— Значит, и вы из иммигрантов. Должен признаться, я всегда был против законов, ограничивающих въезд в нашу страну. Америка имеет тенденцию пересыхать, как река, берущая начало в вырубленных горных лесах. Вы, иммигранты, быстро американизируетесь экономически, политически и психологически и сохраняете необходимые Америке свойства, которые в нас самих исчезают с угрожающей быстротой.
Падрони попытался улыбнуться.
— Ну, что вы, мистер Уитмор… Не хотите же вы унижать свою нацию?
Уитмор покачал головой. Его голос стал вялым, словно его мучил легкий сплин.

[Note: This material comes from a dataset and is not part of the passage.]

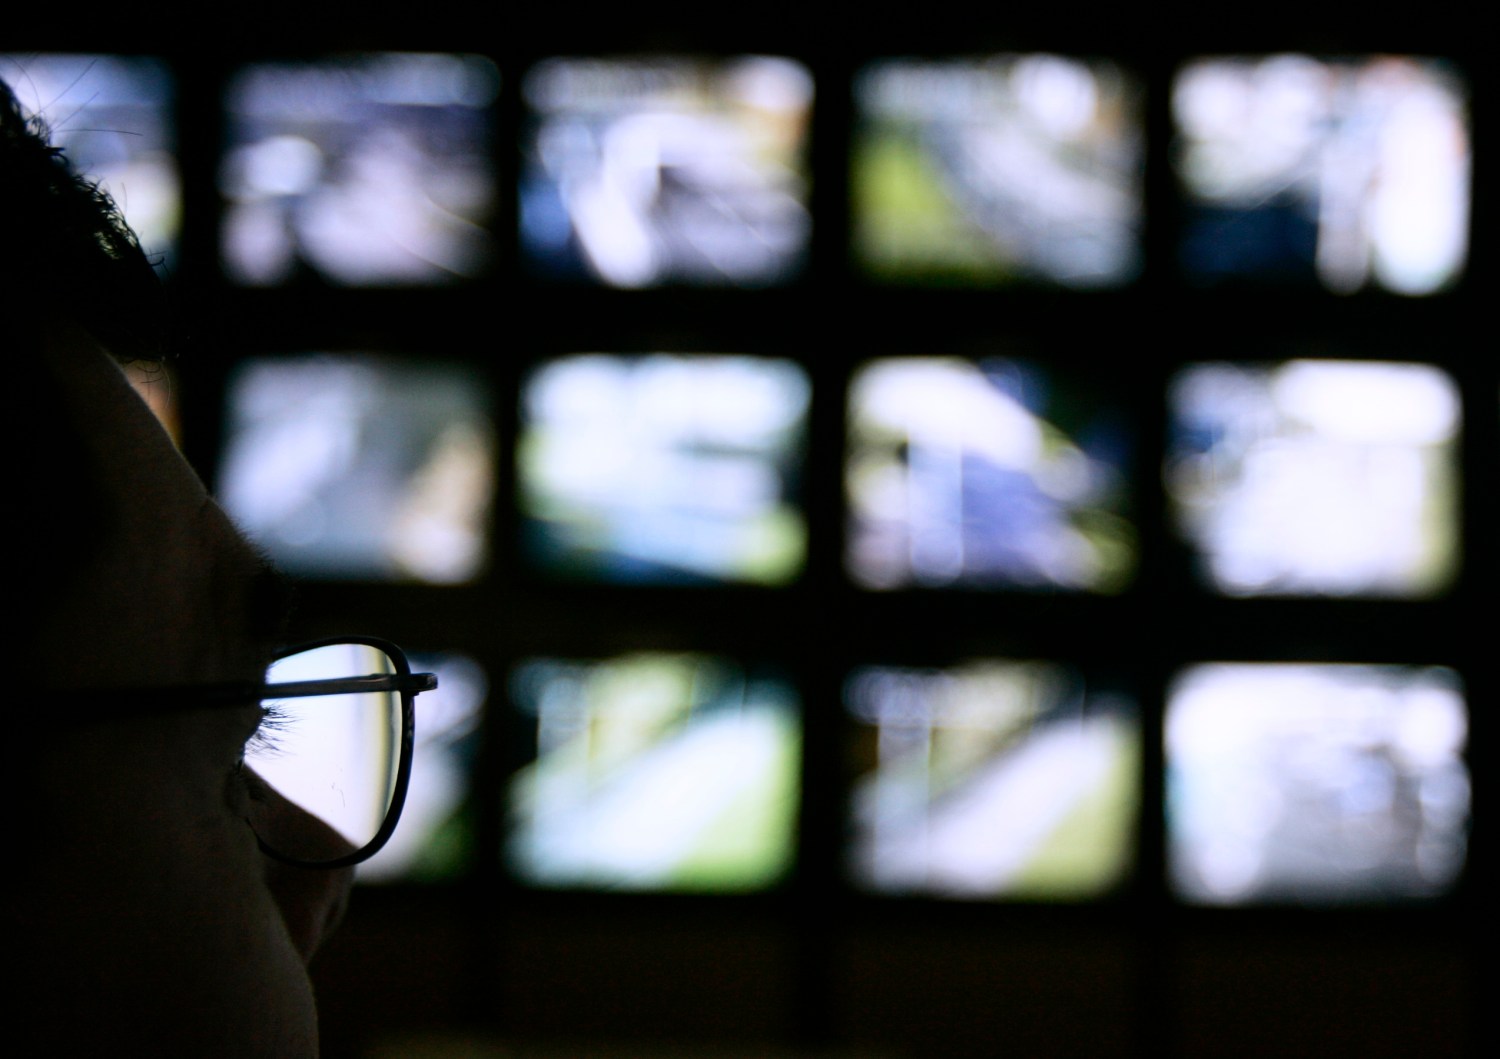 A surveillance monitoring expert watches a bank of screens showing images from CCTV cameras

— Я просто констатирую давно известный факт. Признание — первый шаг к исправлению… Взять, например, вас. Ваш предок, по всей вероятности, приехал сюда, будучи простым рабочим. Как пролетарий низшей категории и «гринер», [17] он, вероятно, мучился в джунглях Чикаго, которые весьма выразительно, хотя и несколько преувеличивая факты, описал Синклер. Теперь возьмем вас. Вы репортер большой газеты. Ваша жена, конечно, коренная американка, и дети говорят только по-английски. У вас собственный автомобиль, домик на окраине города, акции, и вы твердо надеетесь через год или полтора стать редактором и совладельцем газеты.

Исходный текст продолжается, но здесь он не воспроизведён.